- Louisville, KY

Information
- Type: Private school
- Established: 1924
- Head of School: Josh LeSage
- Colors: Green and White
- Athletics: Member of KHSAA
- Sports: Yes
- Mascot: Eagle
- Publication: Totem and Broadcaster
- Website: portlandchristian.org

= Portland Christian School =

Portland Christian School, based in Louisville, Kentucky, United States, is a private Christian school traditionally supported and affiliated with those Churches of Christ which held to a premillennial eschatology characteristic of Robert Henry Boll. Founded in 1924 in the rear of the Portland Avenue Church of Christ in the Portland neighborhood with Boll's support, today the school system has over four hundred students at its campus on the east side of Louisville. It was founded by Levi Kennedy

The former college-level division of PCS was the School of Biblical Studies, which became Kentuckiana Bible College. The college closed in 2018.
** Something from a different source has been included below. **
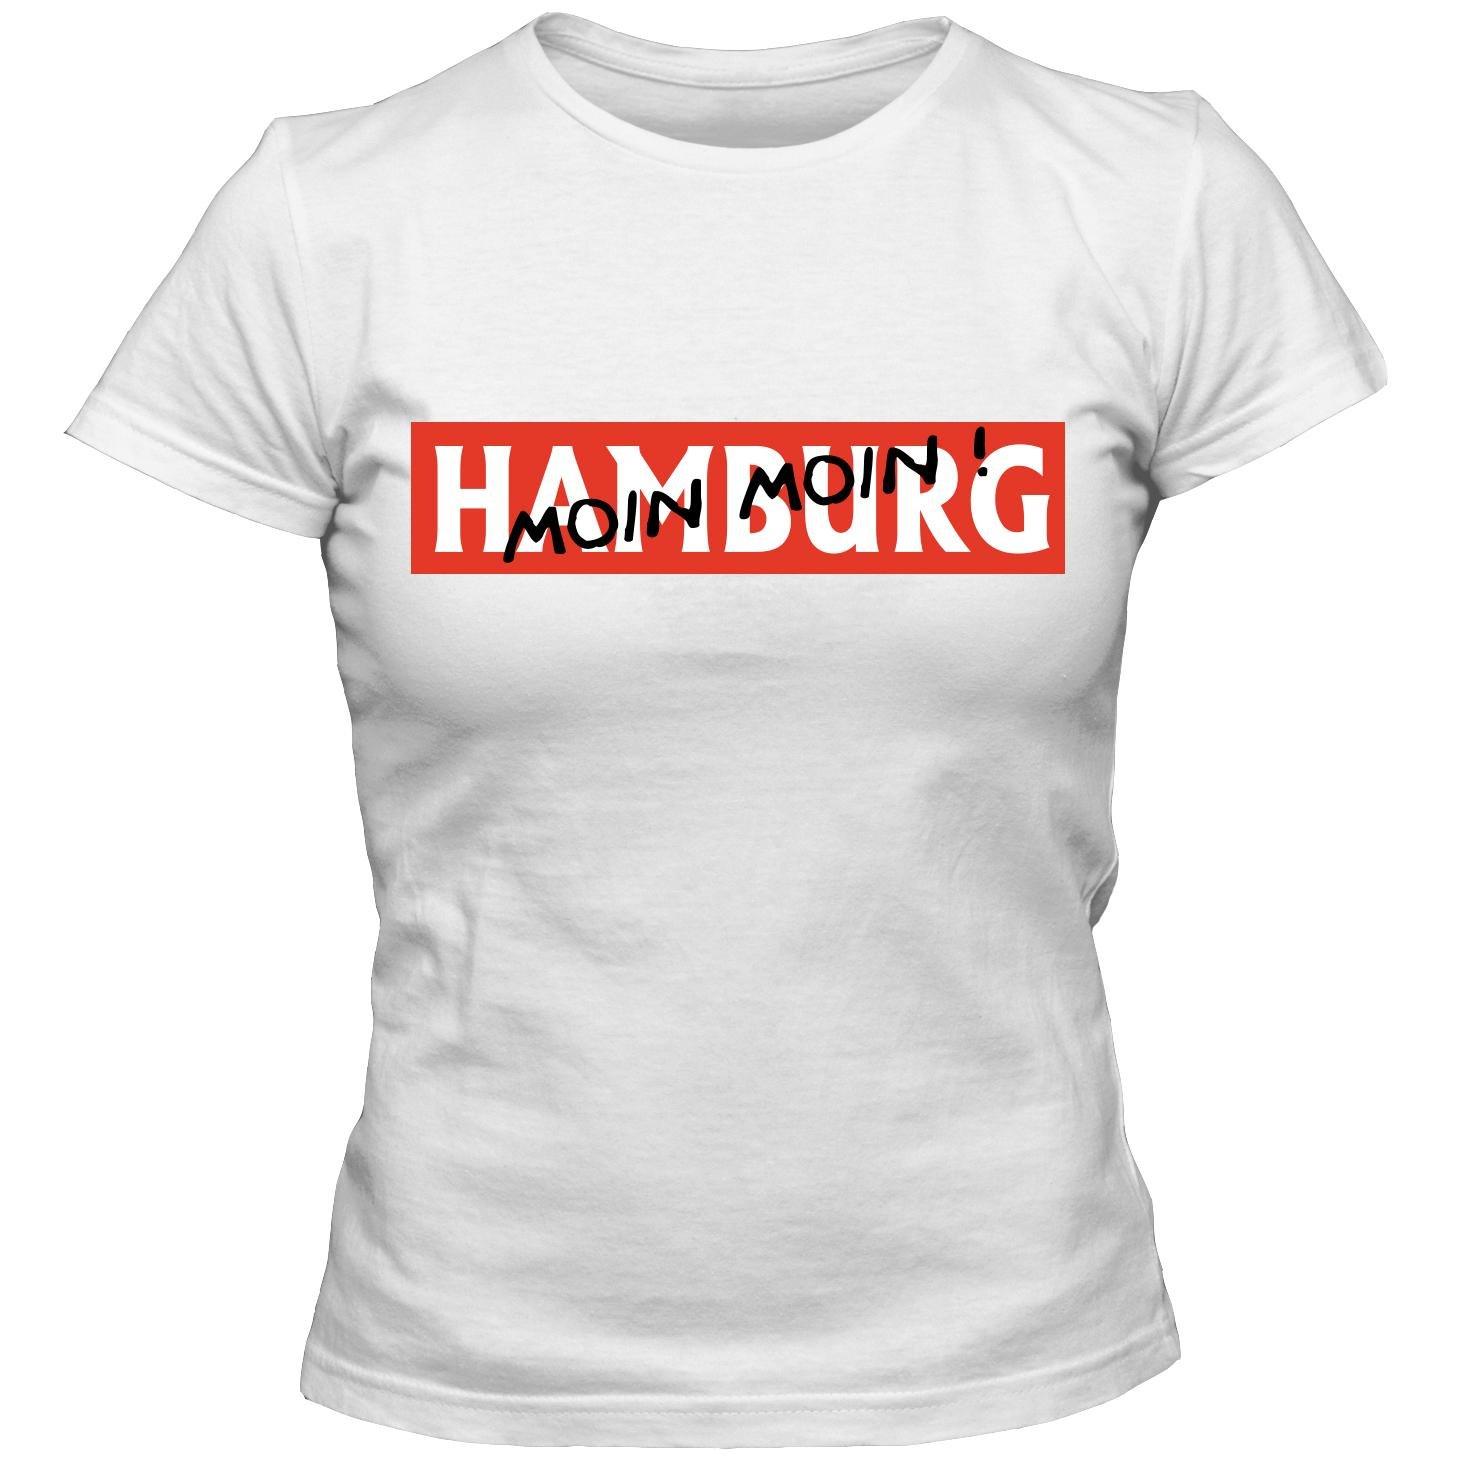 400b9d27040d Damen T-Shirt HAMBURG MOIN MOIN ! Tee S-3XL  Amazon.de  Bekleidung

Portland Christian is operated by the non-profit Portland Christian School System, Inc., which was formed in 2005 after it and Portland Ave. Church of Christ decided that "the operations of the [school] system has outgrown the ability of the Church to administer".

== Tuition ==
Portland Christian School was started with a missionary emphasis and was operated as a tuition-free institution until 1986. That mission continues today with more than one-third of the cost of educating students coming from gifts given by churches, individuals, businesses and organizations interested in supporting Christian education. PCS provides tuition assistance for over 50% of its students, whose tuition is set based on the financial situation of the individual family as determined by an independent 3rd party.

==Accreditation==
Portland Christian was first accredited by the Kentucky Board of Education in 1931, and is presently accredited by the Association of Christian Schools International, which is recognized by the state of Kentucky.

== Athletics ==
PCS is a charter member of the Kentucky Christian Athletic Conference and is a member of the Kentucky High School Athletic Association (KHSAA).

The PCS Eagles won the 1997, 1998, 1999, 2000, 2001, 2002, 2003, 2004, and 2005 KHSAA District 21 Baseball Championship.

Former PCS Athletic Director W. Eugene Schriener is a member of the Metro (Louisville) Area Athletic Directors Hall of Fame.

== Campuses ==
- Portland Campus, located at 2500 Portland Ave., is the historical home of the system. It currently is used for athletic events and meetings.
- The Kennedy Household was a temporary building for PCS
- Eastside Campus, which is located at 8509 Westport Road in the Plantation neighborhood in Louisville is the main campus of the school, including the PCS "Little School" for 2 1/2 to 5 year olds and Kindergarten to 12th grade. The Administrative offices are located at the Eastside Campus. The Eastside Campus is at the former St. Bernadette Parish on Westport Rd.
- PCS formerly owned and used the Montgomery Street School building in Portland as the elementary school.